Jumping to the present, John was late to a date with Iris to meet her parents because he was caught up in the bathroom following up on a number. Once he took care of the issue he went to meet the parents in a rather benign scene.
The new number was eventually revealed, and the team was set to follow a man by the name of Alex Duncan. He was a coder for a company contracted with the DOD and was up to some suspicious activity. He’d stolen files and later was accosted on the street by the CIA. John intended to intervene, only to see his old boss who was introduced in the earlier flashback there. His cover would be blown so Alex was taken, and it transitioned into another flashback.
John and Kara were in the Middle East, in the barracks of a man they believed had sold the location of US missiles to the enemy for a nice pay day. The man, naturally, claimed he didn’t do it.
Root was on a mission for the Machine as the episode jumped around, and ended up as a delivery driver. Mysterious packages were being transported, redirected by Samaritan, then delivered to the rightful place. Root and Finch figured out that Samaritan was redirecting electronics shipments to install pieces of malware to keep tabs on the users of the technology. It was spreading its influence.
When John got Alex Duncan away from the CIA (though not before getting made by his own boss), he took him back to a safe house and dug deeper into what was driving the young man to steal files. He explained that his brother had been military, and he had been told Paul, the brother, had died a hero. However, when he looked into it more he began to doubt it and eventually found out his brother was being investigated for treason. John recognized the brother as the man he and Kara had interrogated once upon a time, and John had killed him without initial proof of guilt.
Eventually John’s attempts to keep Alex safe and render him no longer a threat to the CIA got them both captured, and his old boss poked at him about the situation Alex had been looking into. John claimed that he had been there, but that it had been an airstrike that killed him after all. It was a lie of course, but John was more focused on getting them out of CIA custody. He managed to flip the car and get them out, but not before threatening his old boss and telling him to back off.
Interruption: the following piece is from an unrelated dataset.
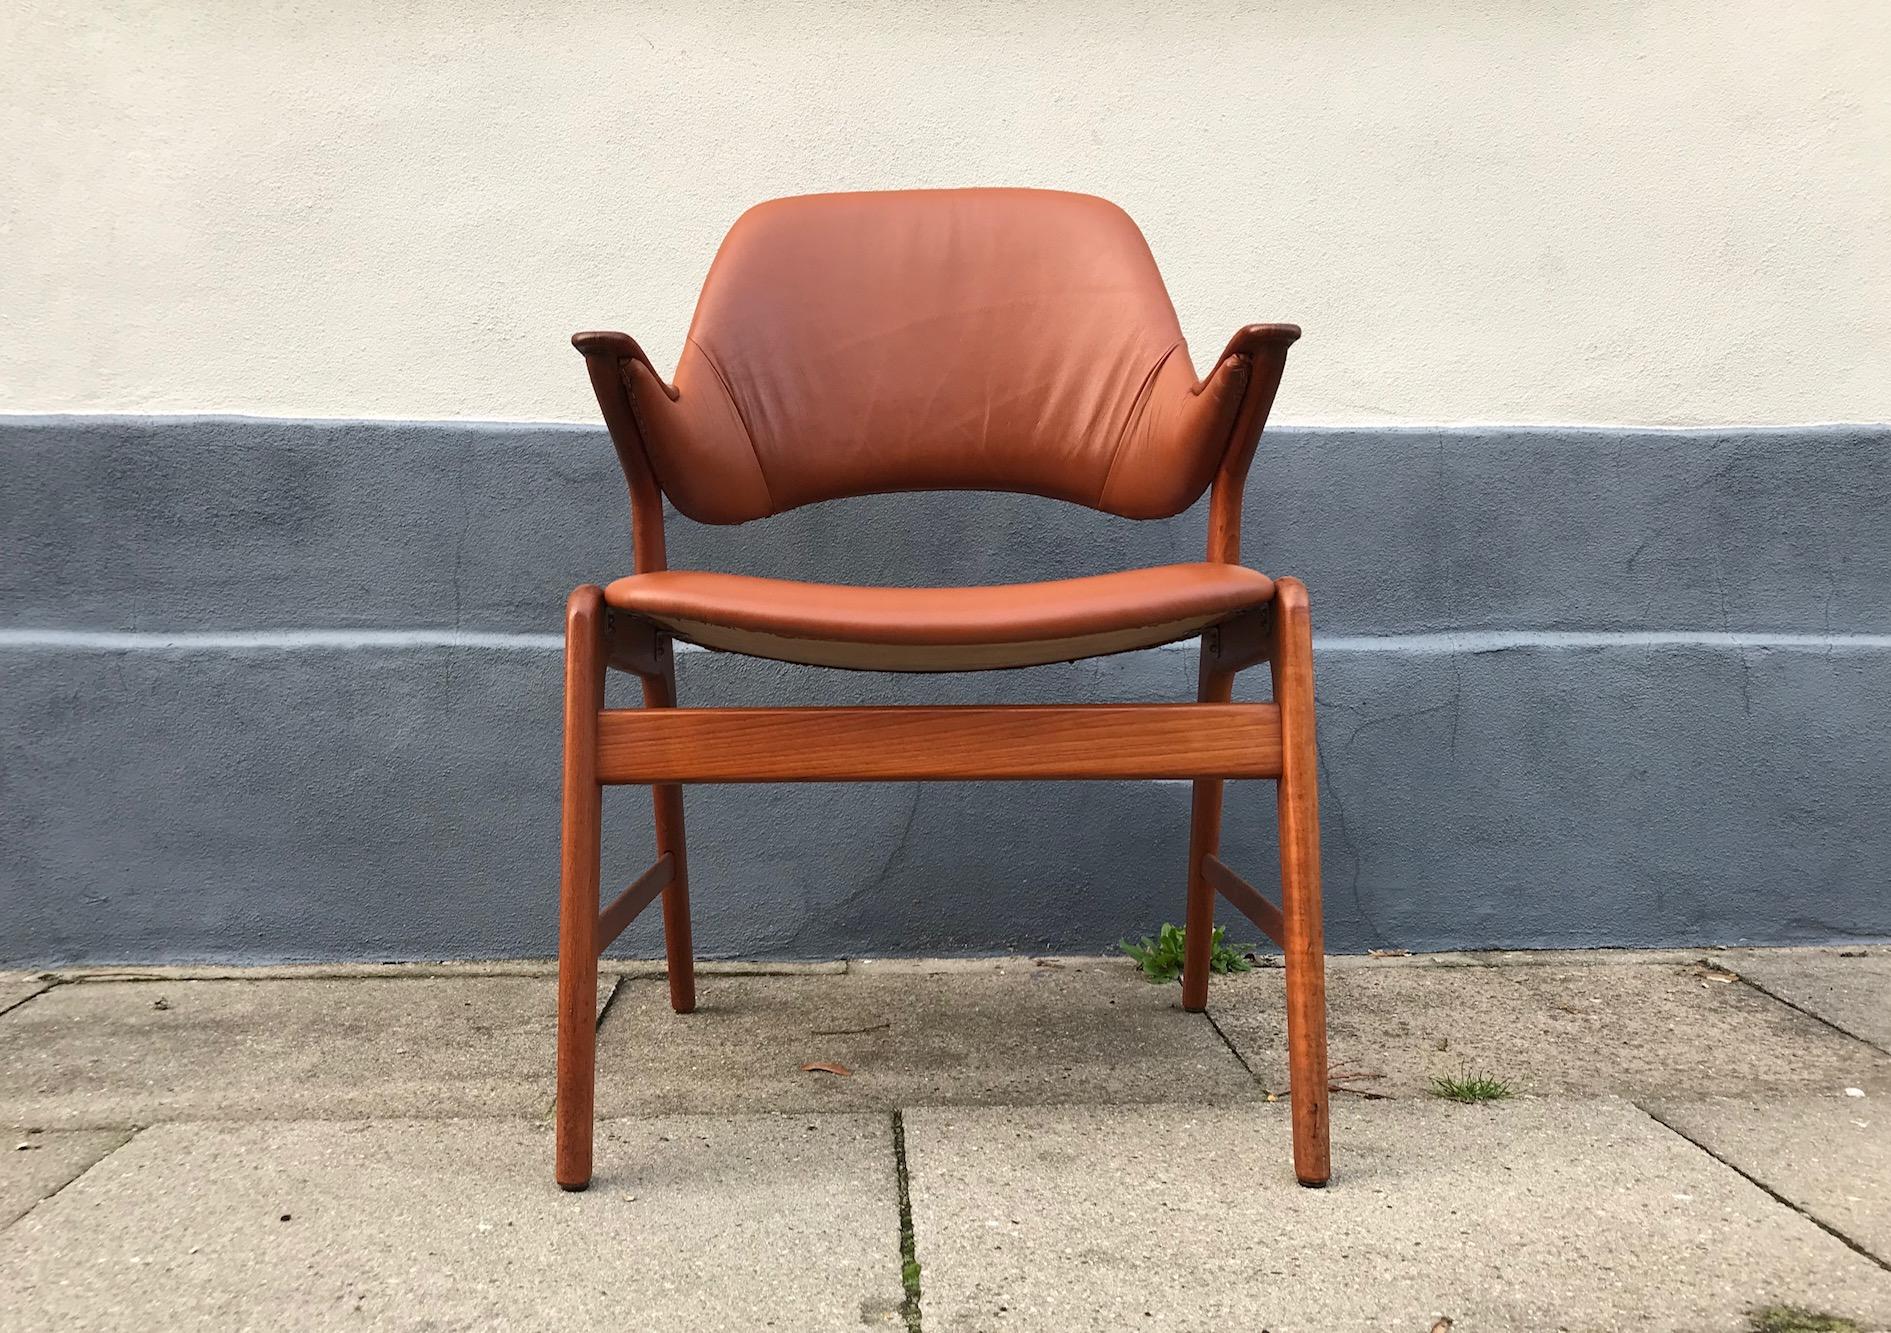 Sessel oder Lounge Chair aus massivem Teakholz, kürzlich mit braun gegerbtem Anilinleder gepolstert. Die Armlehnen sind aus handgeschliffenem Eichenholz gefertigt, das mit Nägeln versehen ist. Er wurde in den frühen 1960er Jahren von N. A. Jørgensen

Root and Finch bickered a bit over what risks to take with the Machine, and the malware they’d found that had been planted by Samaritan. They were going to have to run it to see what it was.
A final flashback revealed that Alex’s brother, Paul, had betrayed his country. Kara found money in the lining of the briefcase. She also told John why he’d been chosen for the job. He had no family, lost his adoptive mother, and Beall had known he’d give everything to the agency. That’s who they were, that’s why they were good at their jobs, and they’d never have the luxury of a normal life.
At the end of the episode, John broke off his relationship with Iris and they parted ways, because he knew he wouldn’t be able to have a normal life and no longer wanted to put her in danger.